Он опустил голову ещё ниже.
— А девушки? — спросила я резко. — У тебя были отношения?
Он покраснел, слова застряли у него в горле.
— Нет… то есть… были попытки. В университете я пару раз ходил на свидания. Но они… смеялись надо мной. Одна сказала: «Ты как баба, слишком тихий». Я… не знал, как себя вести.
Я наклонилась и потянула поводок, заставив его поднять лицо.
— Ты хочешь сказать, что у тебя никогда не было секса?
Я сидела у окна, держа в руках бокал красного вина. Его терпкость приятно жгла язык, но мысли жгли сильнее. После развода у меня осталась свобода — и кое-какие накопления. Муж всегда зарабатывал больше, оплачивал всё необходимое, а я свои деньги складывала отдельно, в тень. И теперь они лежали на счету, словно подушка безопасности, но я прекрасно понимала: это не навсегда. Год, два — и они растают, как лёд весной. А я не собиралась снова становиться зависимой от чужих решений, от милости мужчины, от зарплаты, которая едва покрывает квартиру и еду.
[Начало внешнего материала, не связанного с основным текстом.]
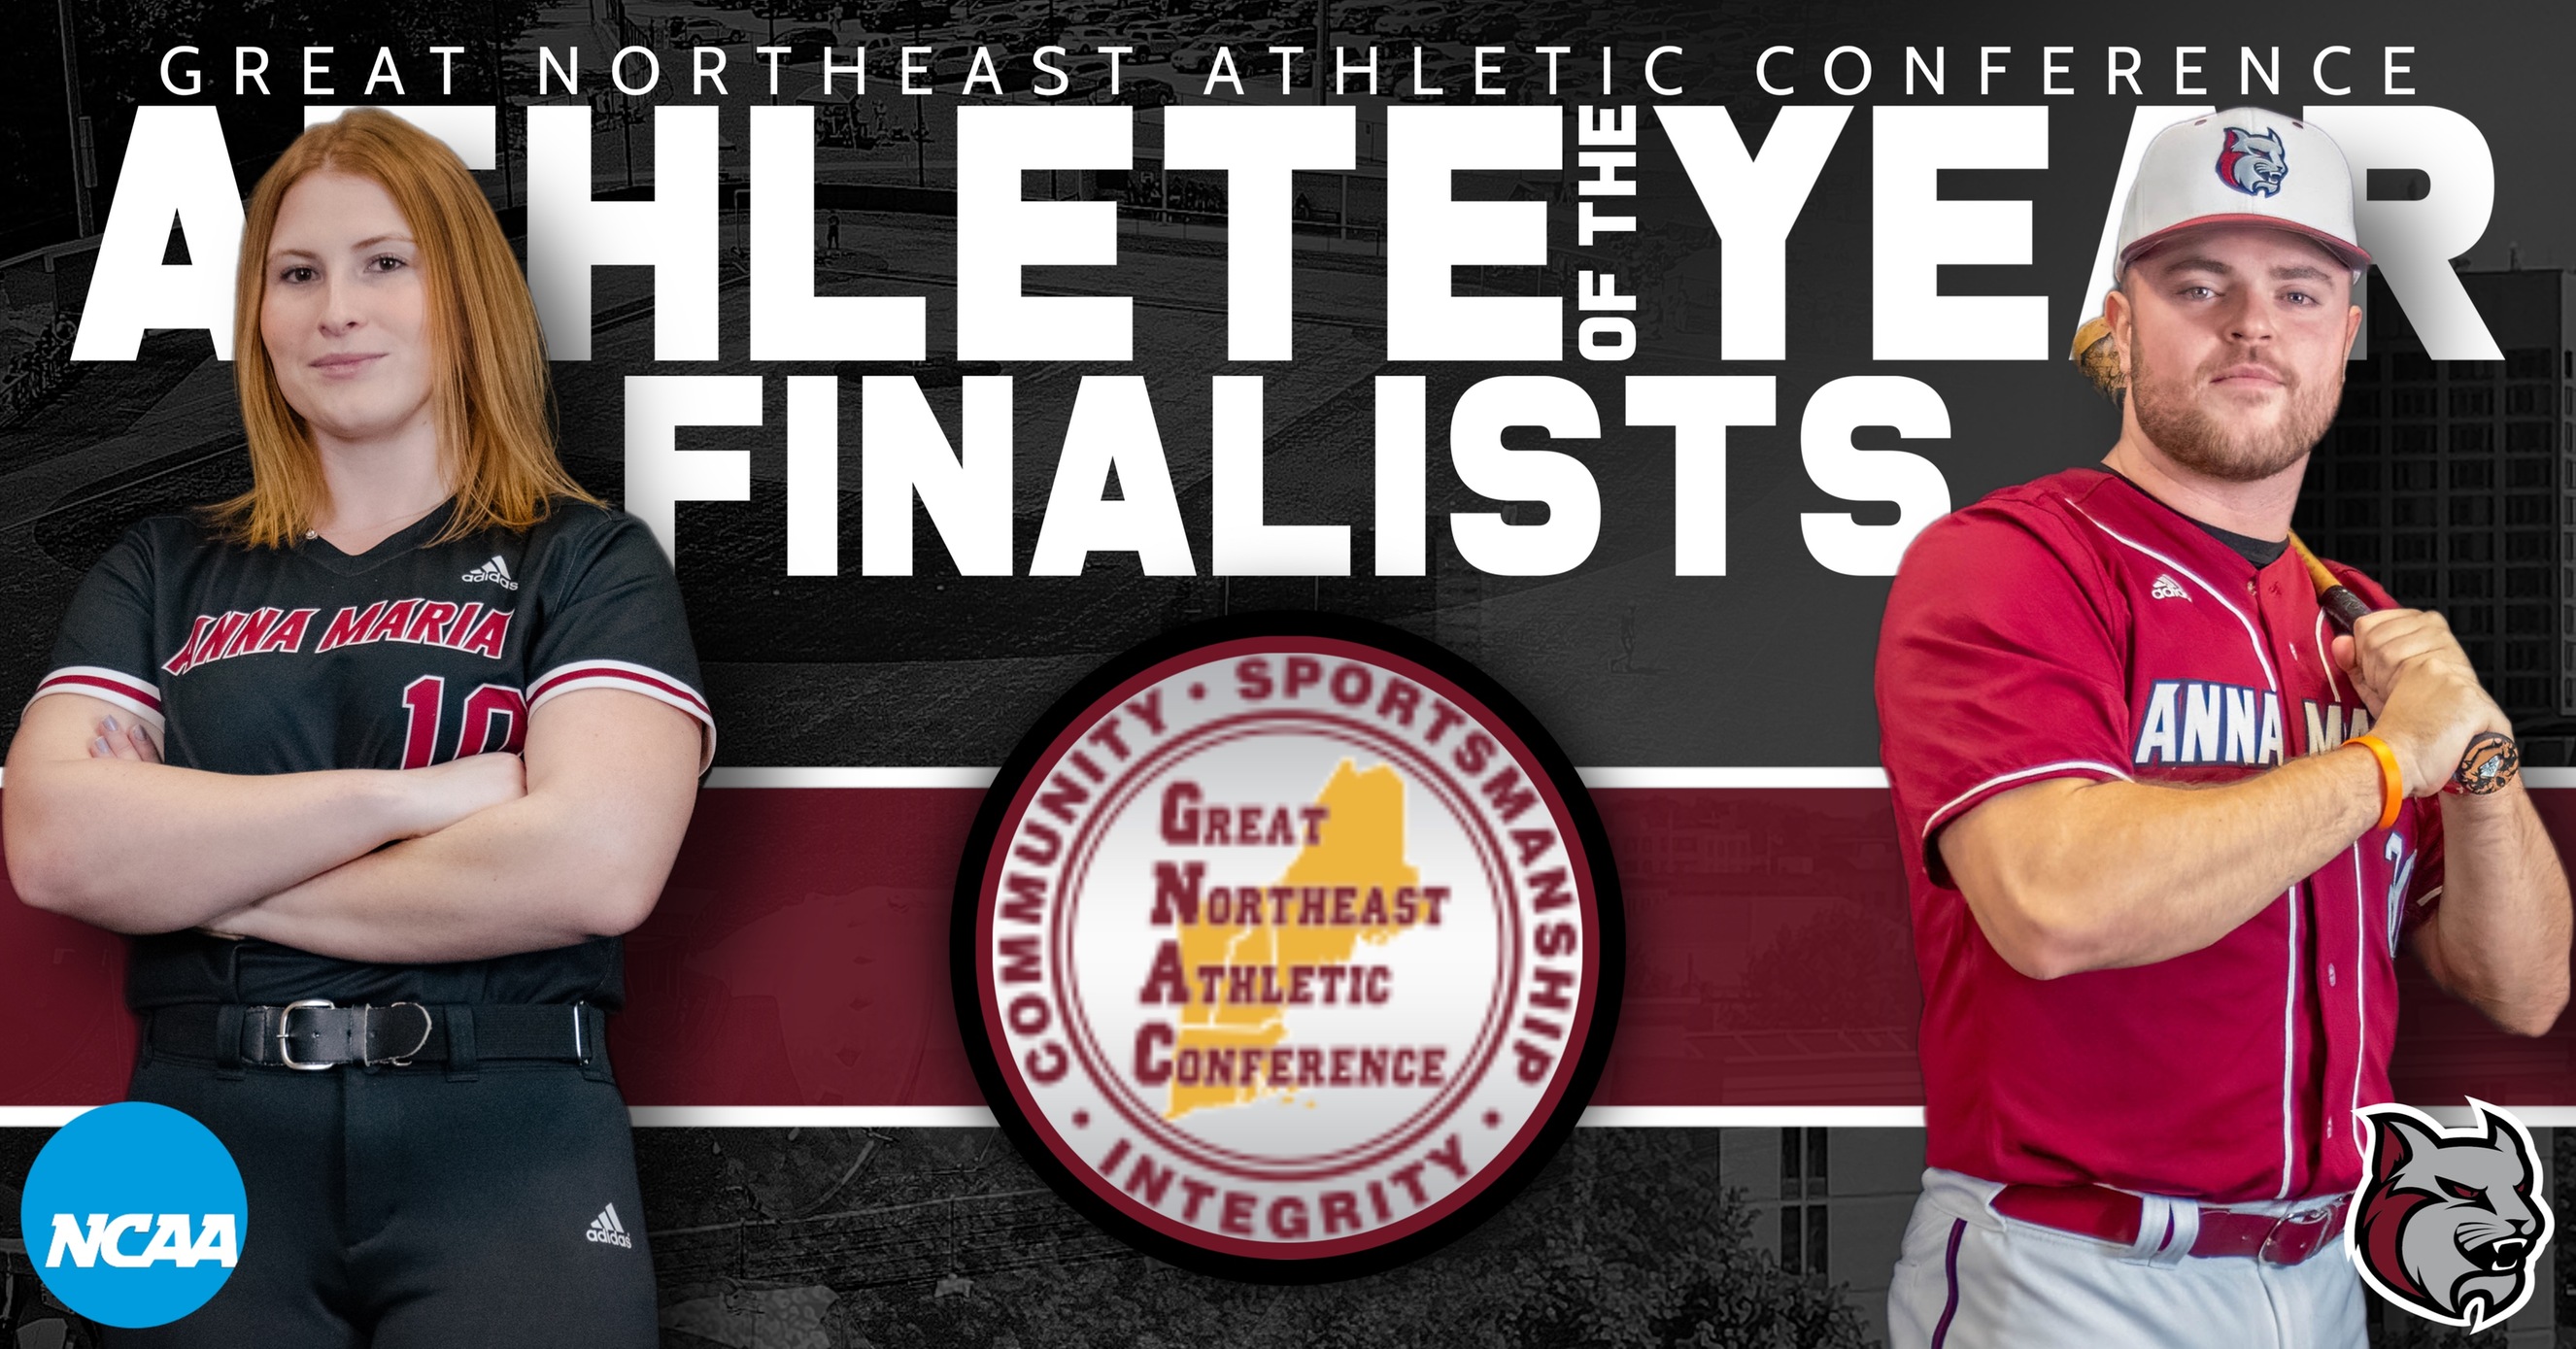 Garcia And Marifiote Named Finalists For GNAC Men's And Women's Athlete of the Year

Я провела пальцем по краю бокала и усмехнулась. Кирилл и Максим давали мне многое. Один — свою зависимость, второй — свою гордость, которую я медленно ломала. Но это всё эмоции, адреналин, игра. Они рабски служат, лижут, терпят унижения — но ни один из них не способен дать мне то, что действительно нужно. Деньги. Настоящие, крупные, чтобы я могла жить так, как хочу. Чтобы моя квартира стала дворцом, а не просто убежищем.
Хочешь власти — сначала обеспечь фундамент. Эта мысль крутилась в голове весь вечер. Муж когда-то сделал меня красивой картинкой в витрине — женой, которая не думает о деньгах, которая спокойно пьёт кофе и тратит его заработки. Тогда я принимала это как должное, даже не задумываясь, что за этим стояло. Теперь же я понимала: он покупал мою покорность. Только не властью, а рублями.
Я встала и прошлась по комнате. Каблуки цокали по паркету — этот звук всегда напоминал мне о том, кто здесь хозяйка. На ковре всё ещё виднелись следы от коленей Кирилла. Я задержала взгляд на них и усмехнулась. Да, он готов ползать часами, облизывать мои ступни, есть яблоки с пола. Но что дальше? Могу ли я с ним купить квартиру? Нет. Могу ли позволить себе всё, что захочу? Нет. Он слишком мелкий, чтобы стать настоящим инструментом моей власти. Он игрушка. А мне нужен трофей.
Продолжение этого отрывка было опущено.